A: $2016 = 2 * 2 * 2 * 2 * 2 * 3 * 3 * 7$ . Therefore 
$2016^{155} = 2^{775} · 3^{310} ·7^{155}$
Now ask yourself: What's the biggest factor of $2^{775}· 3^{310} ·7^{155}$? Obviously it's $2^{774} ·3^{310} ·7^{155}$. Subtract from the original number, and $2^{774}· 3^{310} ·7^{155}$ remains. The same thing will happen exactly $775 $ times, and then you will be left with $3^{310} ·7^{155}$ after $775$ subtractions. 

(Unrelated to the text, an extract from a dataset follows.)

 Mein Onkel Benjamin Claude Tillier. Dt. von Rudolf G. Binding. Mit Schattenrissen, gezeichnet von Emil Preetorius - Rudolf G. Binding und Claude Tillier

What's the biggest factor of $3^{310}· 7^{155}$? The biggest factor is $3^{309} ·7^{155}$. Subtract this and the remainder is $2 · 3^{309} ·7^{155}$. That again has the largest factor $3^{309} ·7^{155}$. Subtract this again and the remainder is $3^{309} ·7^{155}$. With two subtractions we divided by $3$ . We repeat $310$ times for a total of $620$ subtractions and the remainder is $7^{155}$.
Now the largest divisor is $7^{154}$; subtracting this leaves $6 · 7^{154}$. Now the largest factor is $3 · 7^{154}$ leaving $3 · 7^{154}$. Then the largest factor is again $7^{154}$, leaving first $2 · 7^{154}$ then $7^{154}$. $4$ subtractions to divide by $7$ . We repeat a total of $155$ times, for $620 $subtractions, arriving at $1$ . In Total $775 + 620 + 620 = 2015 $ subtractions.